La culotte à l’envers

Regards sur notre monde

Des trollympiades loin de Pékin

Posted by blongo sur 21 août 2008

Une trolle adoptée devance de vraies boules de poil

Une trolle adoptée devance de vraies boules de poils

Alors que Pékin vibre pour ses JO suivis dans le monde entier, loin, très loin de Chine, aux fameux Monts Locaces, viennent de se dérouler, dans une ambiance nettement plus intime, des joutes très particulières, des trollympiades, comprenez des Jeux olympiques pour les trolls… Qu’est-ce donc que cette nouvelle affaire, vous demanderez-vous bien justement.

En fait, les trollympiades réunissent des trolls venus de tous les horizons pour des épreuves qui n’ont rien à voir avec le cyclisme sur piste ou le tir au pistolet, mais pour des disciplines typiquement trolles, comme le lancer d’humains, le plongeon sans piscine ou le dressage de mouches… Tout y existe comme aux vrais Jeux, de la flamme trollympique au village trollympique, mais avec en prime ces bestioles pour le moins particulières nées de l’imagination du scénariste Christophe Arleston et illustrées avec talent par Jean-Louis Mourier. Bande dessinée à succès grandissant, « Trollympiades » est le 11e tome de la série « Trolls de Troy », une aventure qui a lieu deux siècles avant celle de Lanfeust et de son ami troll Hébus.
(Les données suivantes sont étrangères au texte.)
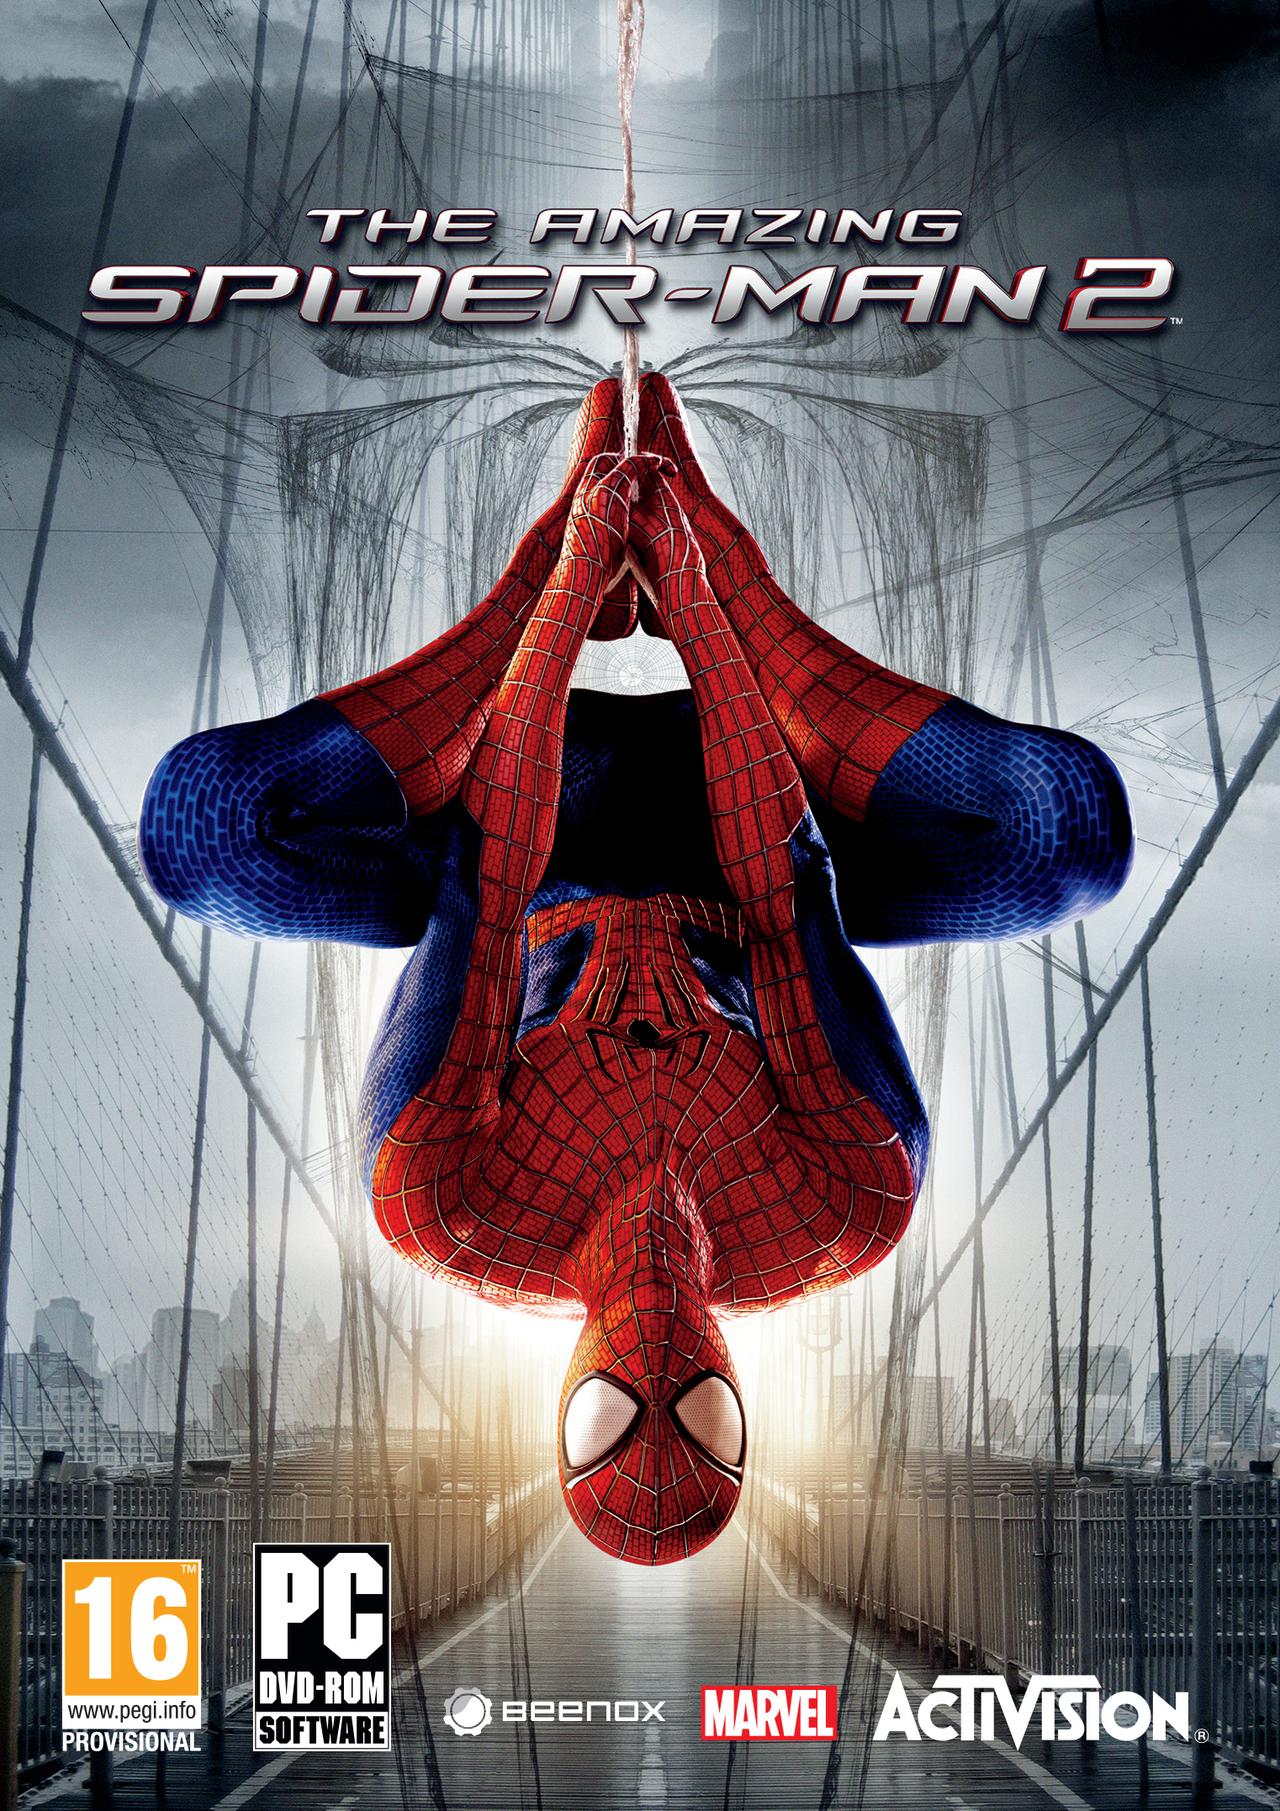 The Amazing Spider-Man 2-Reloaded 2014 |  تحميل لعبة Jaquette-the-amazing-spider-man-2-pc-cover-avant-g-1391118393

Pour ce nouveau tome, Arleston et Mourier nous emmènent donc, et c’est d’actualité, dans le monde de l’olympisme, ou plutôt du trollympisme. L’ennemi juré des trolls de Troy, le vénérable et fourbe Rysta Fuquatou, cherche un nouveau subterfuge pour asservir les trolls, des boules de poils aussi fortes qu’affectueuses, qui n’ont rien à voir avec les monstres enragés vus dans Tolkien par exemple. Il faut pour cela les capturer et les enchanter. Le méchant homme initie donc les JO pour trolls avec le secret espoir d’emprisonner les trolls grâce à des médailles magiques.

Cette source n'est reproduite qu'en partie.